A –Streams of Thought– contribution by Adam N. Wlostowski. PDF Version
Hi All! Recently, I received a 2015 AGU Horton Research Grant. I am very grateful and honored to accept this grant. I’d like to use this post to share my proposed research questions and methods with the YHS community.
What is a Hyporheic Zone and Why Should We Care?
Flowing stream waters are hydrologically connected to adjacent groundwaters. These connections help maintain the physical and chemical integrity of streams. In a uni-directional sense, streams lose and gain water to/from groundwater aquifers. In a bi-directional sense, streams are connected to groundwaters via hyporheic exchange (HE) flowpaths. HE moves water, nutrients, dissolved oxygen, and carbon into and out of hyporheic zones (HZs) – saturated subsurface regions beneath and adjacent to a stream channel, where streamwaters and groundwaters mix. In the HZ, sufficiently long residence times and contact with microbes facilitates nutrient transformations vital to the health of stream ecosystems (Boulton et al., 1998).
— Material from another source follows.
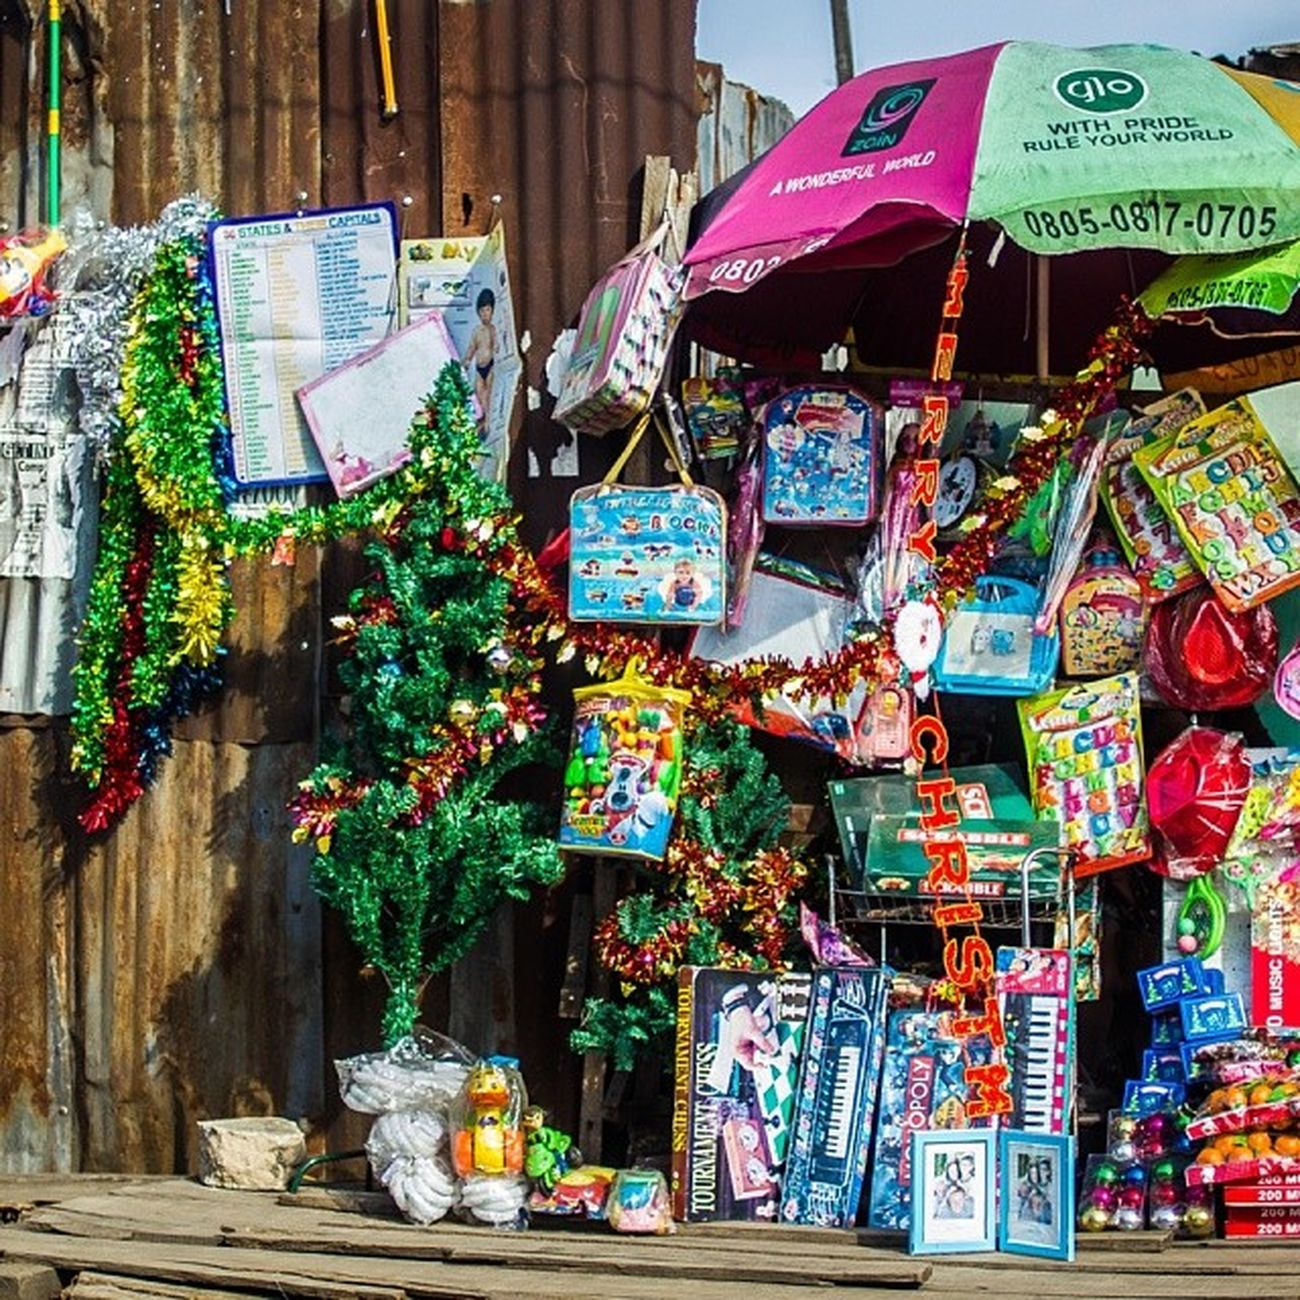 Christmas shops in Lagos . Christmas ChristmasInLagos Lookslikelagos Nigeria streetphotography africa

Given the ecological significance of HZs, it is necessary to understand the physical functionality of HZs over a broad spectrum of timescales (seconds to years). Our current understanding of HE is largely based on experimental tracer evidence. During a tracer experiment, solutes are injected into flowing steamwaters and move downstream. Samples are taken several hundred meters downstream of an injection sire to measure the temporal “breakthrough” of the added solutes. The analysis of solute “breakthrough curves,” reveals useful information about the physical and chemical function of HZs. However, the duration of tracer experiments are short (hours to days), and are often carried out during near steady discharge conditions. Understanding long timescale behavior of HZs, on the order of months to years, when unsteady flows dominate, remains an elusive goal for stream ecologists and hydrologists. A broader temporal perspective of HE is necessary to understand how HZ function will change as hydrologic regimes are altered by human activity and global climate change (Wagener et al., 2010).
The investigation of long timescale behavior of HZs, motivated my application for the 2015 AGU Horton Research Grant. My proposed research is focused on two specific goals: (1) quantifying how unsteady stream flow controls HE, and (2) developing a predictive understanding of how HZ function will respond to climate change. To address these goals, I will monitor and model surface water – groundwater interactions along streams in the McMurdo Dry Valleys (MDVs) of Antarctica. The MDVs hydrologic system is simplified by a complete lack of vascular vegetation (i.e., transpiration), and no deep groundwater interactions Hence the MDVs provide something of an outdoor laboratory field setting.
Hyporheic Exchange and Unsteady Flows
The hydraulic behavior of HZs in temperate rainfall-runoff dominated catchments is controlled by two variable head boundary conditions: stream stage and hillslope groundwater level. Dynamic hillslope groundwater levels alter riparian hydraulic gradients and exert boundary condition controls on HE (Voltz et al., 2013, Ward et al., 2012, White, 1993). Unsteady stream flows control HE through bank storage (Chen & Chen, 2003) (Figure 1, A), bedform induced pumping (Boano et al., 2007) (Figure 1, B), and wave pumping (Precht & Huettel, 2003) (Figure 1, C). It becomes difficult to understand how unsteady stream flow controls HE in temperate catchments, because we must first accurately characterize spatial and temporal dynamics of hillslope storage. However, in the natural hydrologic laboratory of the MDVs, unsteady stream flow is the only forcing on HE and time-continuous stream solute loads are a manifestation of stream flow-driven HE (Figure 1, D).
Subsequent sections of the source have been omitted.